Many airlines will run out of cash before a vaccine becomes widely available next year, Iata has warned.
The result will be failures and an overhang of debt for many carriers that will take years to pay down, according to Iata chief economist Brian Pearce.
Speaking ahead of Iata’s annual general meeting (AGM), Pearce said a cash injection of $173 billion from governments this year “has kept airlines alive”.
But he said: “The problem now is airlines are finding traffic just too low to support services.
“Airline debt has gone up more than 50% to $280 billion. Airlines have to be able to service that debt and have money left over to refurbish fleets and pay debt down. It is going to take years.
“It is going to slow down expansion. It could slow down fleet renewal.
“It’s inevitable we will see a more consolidated industry. We’ll get consolidation through some airline failures and also though mergers and joint ventures of the kind we have seen before.”
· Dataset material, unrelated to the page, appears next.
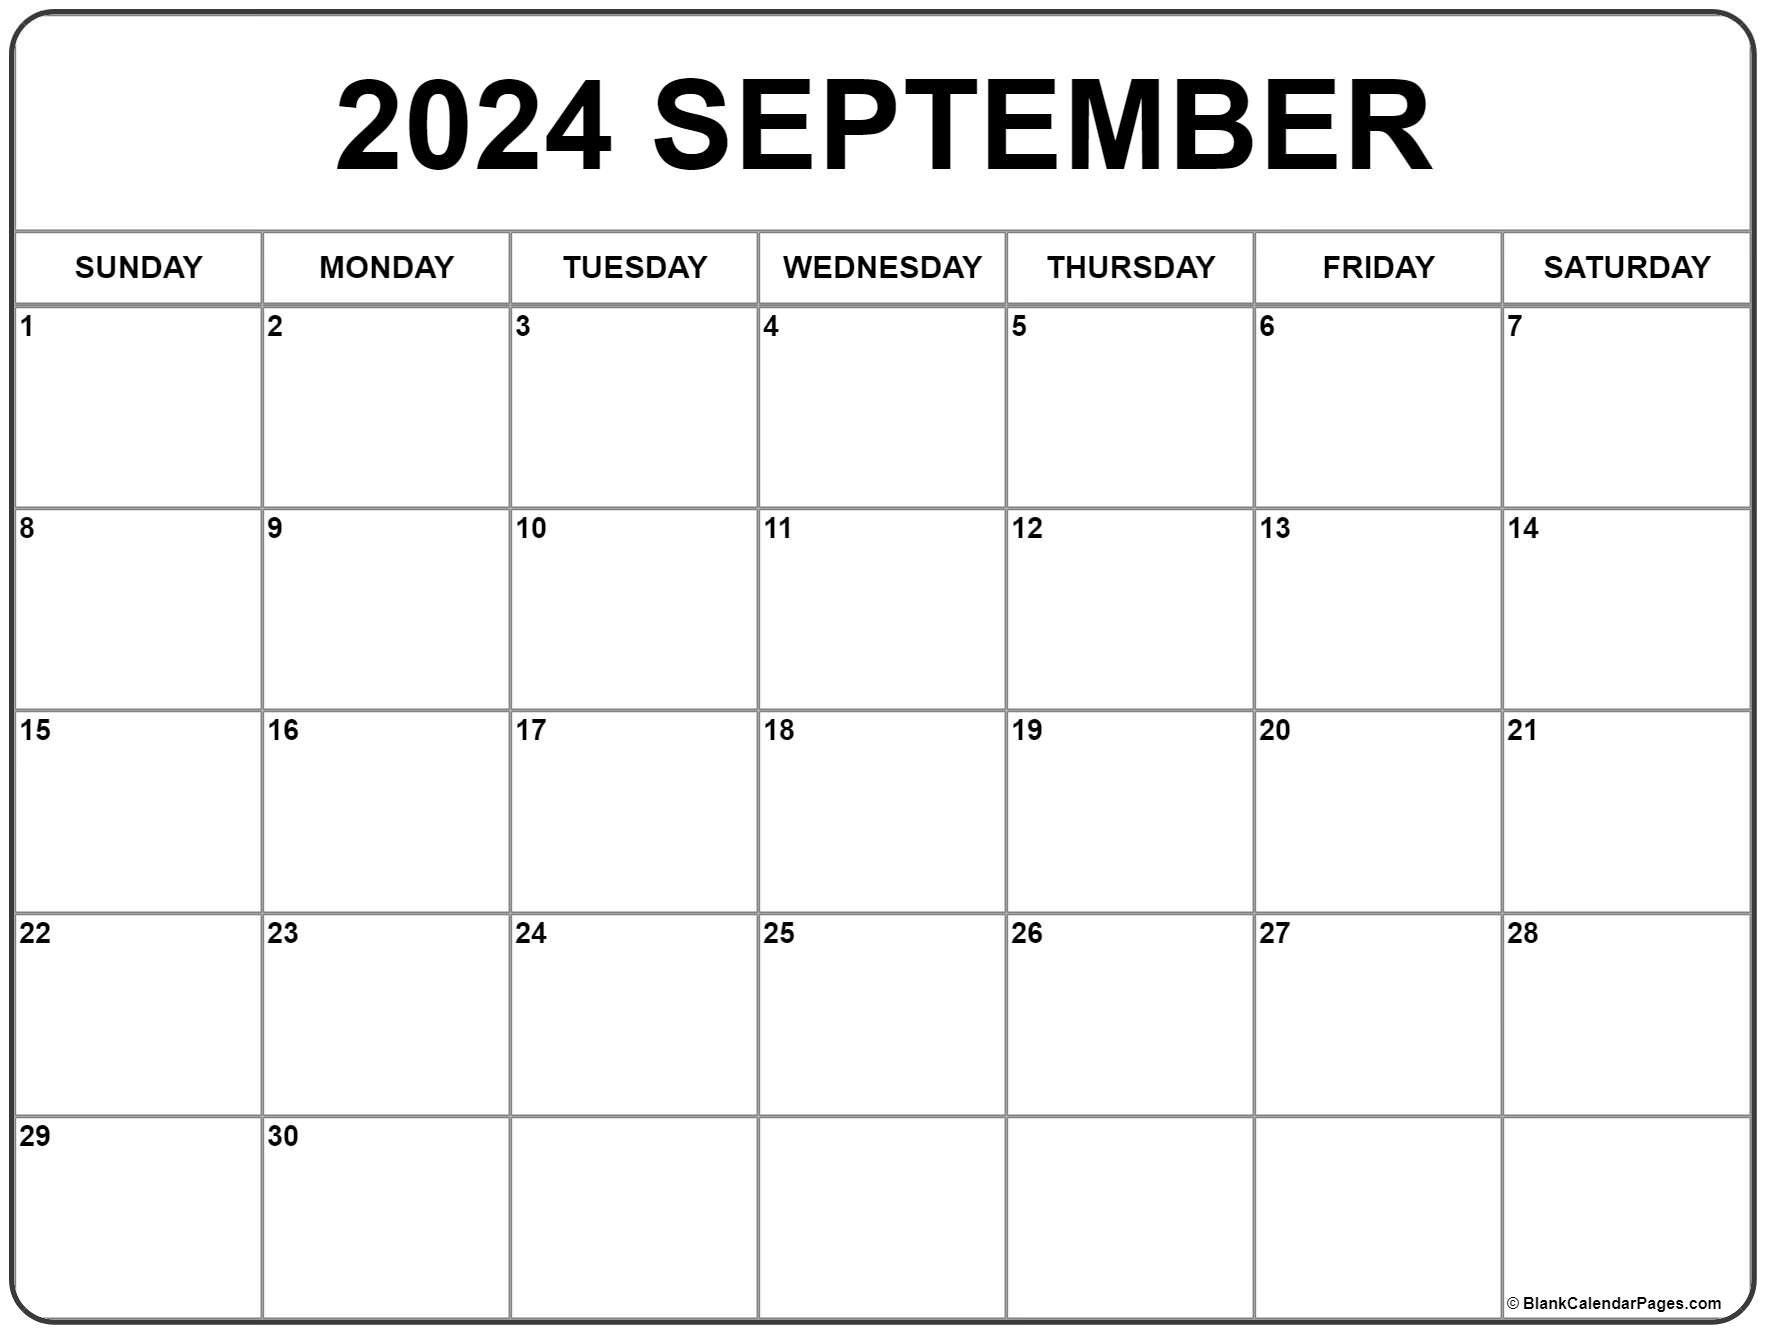 Calendar September 2021 Printable September 2021 calendar | free printable monthly calendars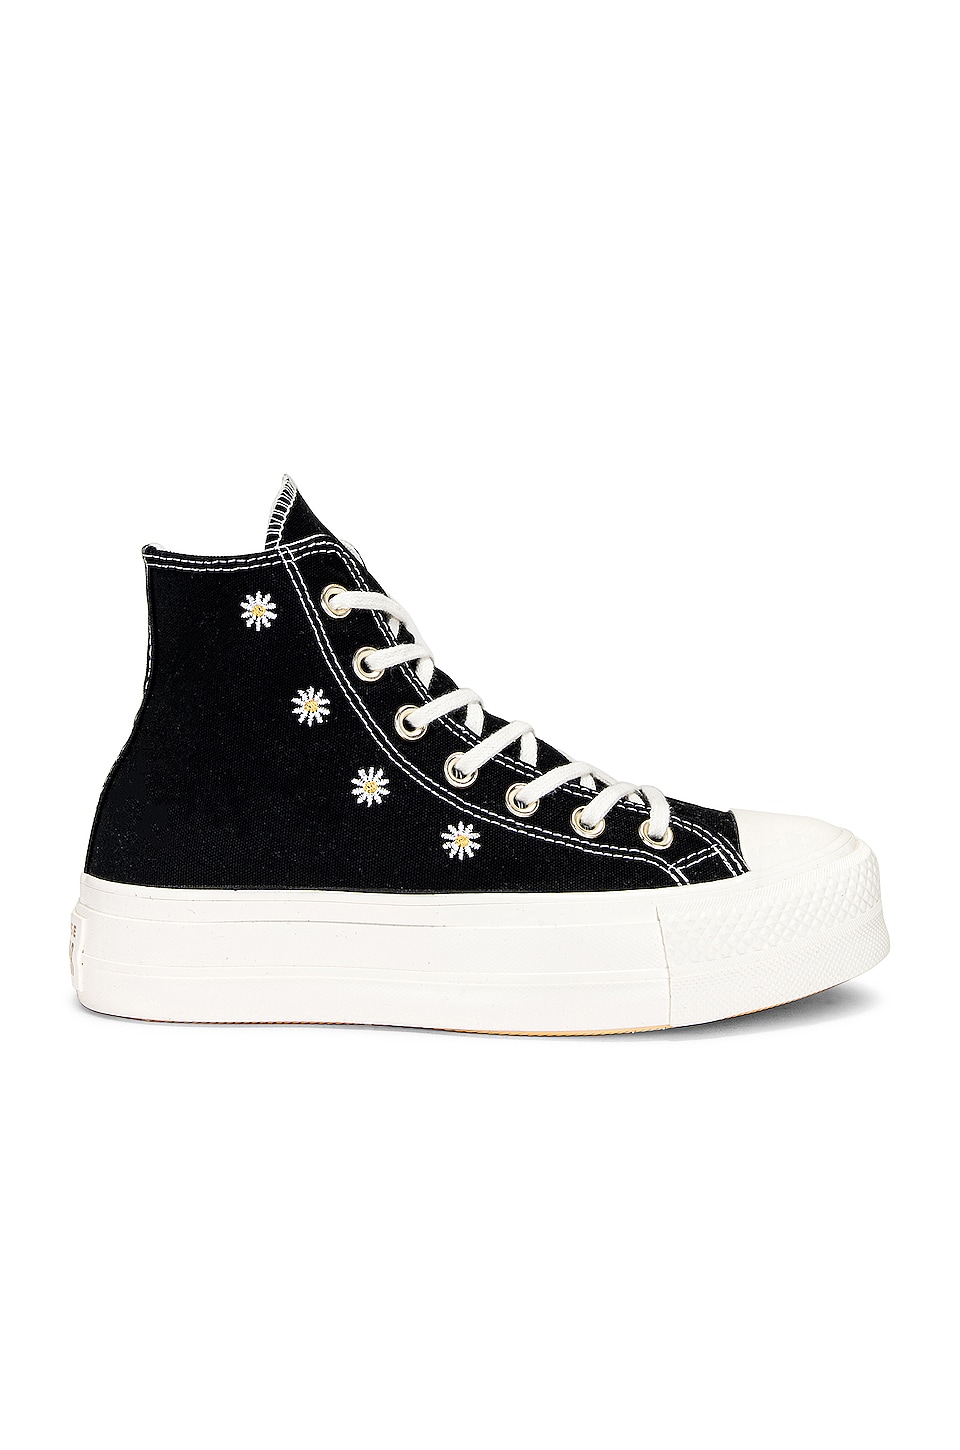 Converse Chuck Taylor All Star Lift Sneaker in Black, Egret, & Light ...

Pearce told the Iata AGM: “It looks likely revenues will be some 50% lower in 2021 than pre-crisis forecasts. The industry needs to downsize costs by an equivalent amount.
“We expect cash burn to continue through the first half of 2021. A vaccine raises the possibility the industry can start turning around. The trouble is by that time many airlines may have run out of cash.
“The average airline had eight or nine months before they ran out of cash at the mid-point of this year, so they will run out at the end of March.”
He noted: “We see there is pent up demand for leisure travel and for visits to friends and relatives. But business travel will be much slower to recover. It means yields will be much lower than normal.
“We’ll see fewer city pairs with sufficient passenger flows to justify point-to-point traffic, so we’ll see a concentration on hubs.”
He described the impact on long haul as “a challenge” and said, “with vaccine distribution, it might be emerging markets are slower to recover”.
Pearce argued that coronavirus health measures should not be retained longer than needed. He said: “A big worry is that the measures introduced after a crisis sometimes never disappear. We saw this after 9/11
“Health measures to deal with the coronavirus should not cause issues for airlines or problems for passengers longer than is necessary.”